For a production system at 100M vectors requiring sub-20ms latency and 95%+ recall, HNSW is the right choice. If the dataset grows toward 1 billion vectors and RAM becomes the constraint, DiskANN’s SSD-backed index is the practical next step - it achieves comparable recall at 3-5x higher latency by streaming graph traversal from fast NVMe SSDs rather than keeping the full graph in memory.

Key Takeaways

  • ANN trades exactness for speed: HNSW achieves 95%+ recall with 100x+ speedup over brute-force; the recall gap is recovered by oversampling and re-ranking
  • Quantization is memory, not accuracy: int8 quantization reduces memory 4x with minimal recall loss when paired with float32 re-ranking
  • HNSW must fit in RAM: the graph traversal pattern defeats OS page cache; structure your shard sizes so the full HNSW graph resides in memory
  • Live updates use an LSM-style buffer: small write buffer searched by brute force, merged periodically into the main HNSW index via compaction
  • Filtered search requires segment-aware routing: post-filter fails on selective filters; pre-build per-segment indices for high-cardinality filter attributes
  • Normalize vectors to unit length: converts cosine search to inner product, enabling faster SIMD-optimized distance computation
  • Query fan-out multiplies latency budget: with 10 shards, your 20ms budget allows only 15ms per shard (5ms for merge and network); shard sizing drives your latency floor

The counter-intuitive lesson: exact nearest neighbor search is not a baseline to strive toward - it is a failure mode. At 100M vectors, even 99.9% recall from ANN is far more valuable than 100% recall from a system that is too slow to deploy. The question is never “is this approximate?” but “is the approximation error within the product’s tolerance?”

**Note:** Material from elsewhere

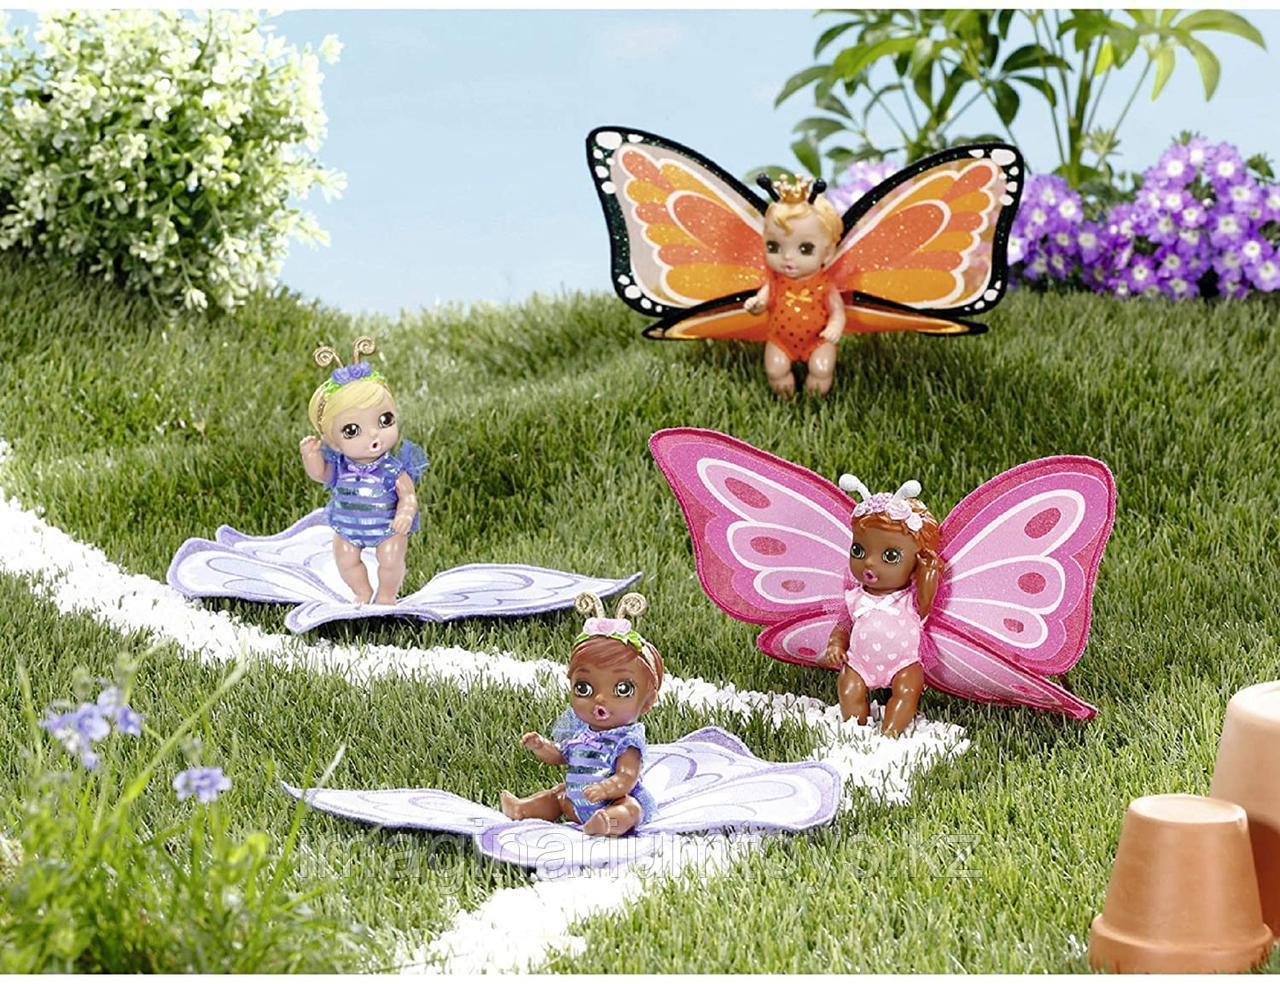 Кукла Baby Born Surprise серия 2 Бабочки оригинал - фото 5

Frequently Asked Questions

Q: When should I use product quantization (PQ) vs scalar quantization vs binary quantization? A: Scalar quantization (float32 to int8) is the safest default - 4x memory reduction, under 1% recall loss, minimal implementation complexity. PQ achieves 16-32x compression but requires training a codebook and accepts 5-10% recall loss; use it when memory is severely constrained and you have representative training data. Binary quantization (1 bit per dimension) gives 32x compression but degrades recall significantly unless combined with aggressive re-ranking oversampling (64-128x); OpenAI recommends it only for their latest embeddings designed for binary compatibility.

Q: How do you handle multi-tenant isolation in a shared vector index? A: Three options: separate indices per tenant (strong isolation, high operational overhead), namespace partitioning within a shared index (each vector tagged with tenant ID, queries filtered by namespace), or dedicated shard routing (tenant A always queries shards 0-2, tenant B shards 3-5). The namespace approach works well up to thousands of tenants; above that, dedicated shards per large tenant with shared shards for small tenants is a common tiered approach. The key constraint is that HNSW graphs cannot be meaningfully merged across tenants once built.

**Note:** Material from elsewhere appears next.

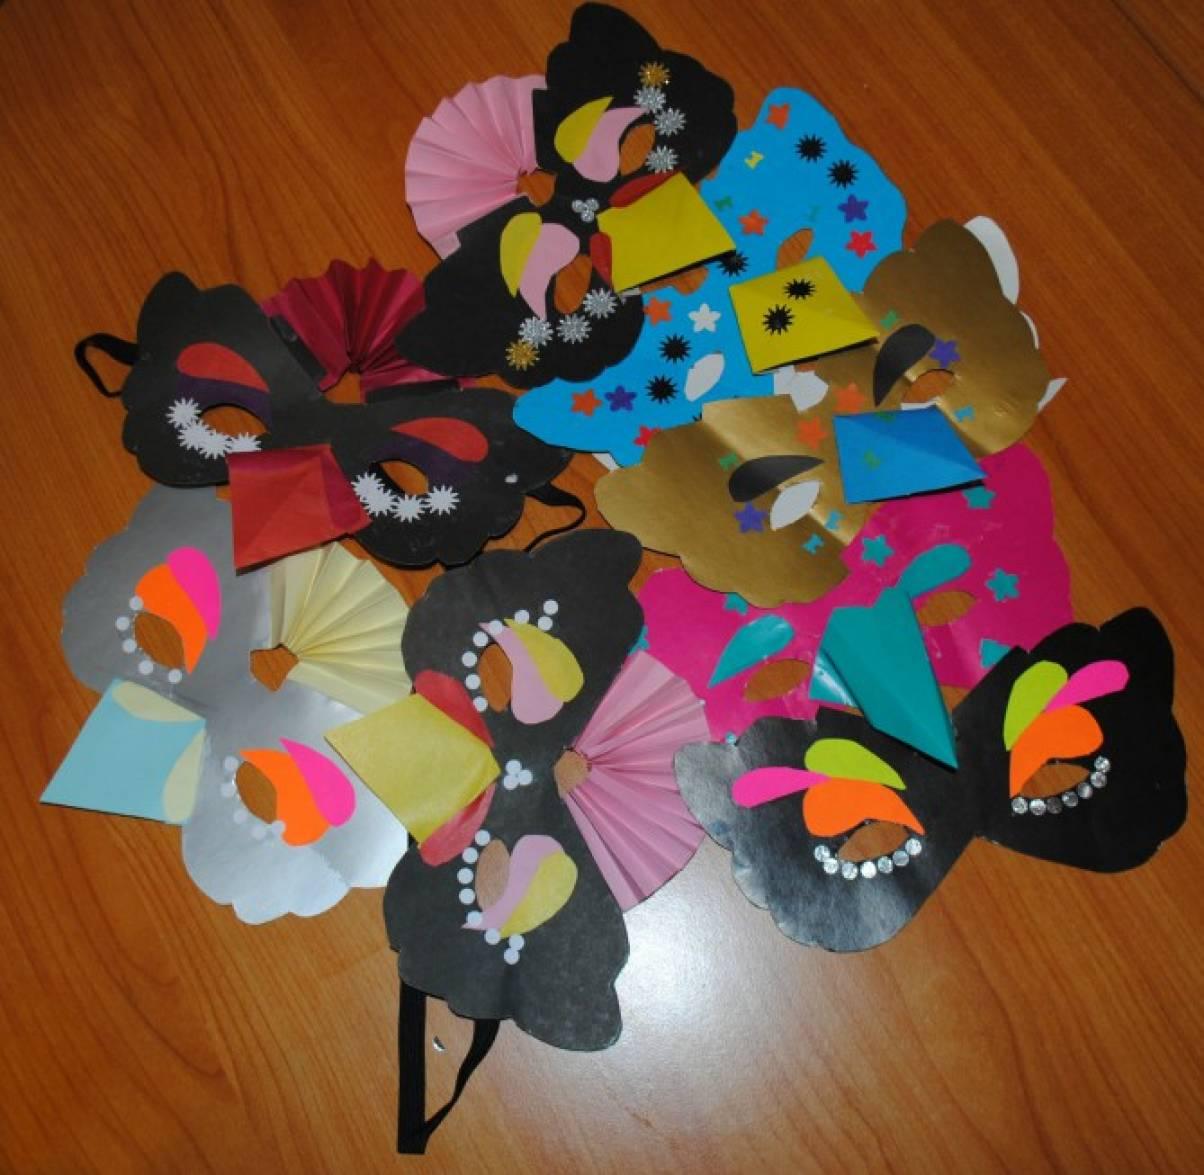 Детские новогодние маски синички картинки

Q: Why not just use a full-text search engine like Elasticsearch with vector fields? A: Elasticsearch added vector search (kNN) in version 8.x, but the implementation uses HNSW under the hood - so you get the same algorithm with additional JSON serialization overhead. For pure vector workloads, a purpose-built vector database (Qdrant, Weaviate, Milvus) is 2-5x faster due to SIMD-optimized distance kernels, memory layout optimization, and no document storage overhead. Elasticsearch makes sense when you need hybrid: exact keyword matching combined with semantic similarity in the same query.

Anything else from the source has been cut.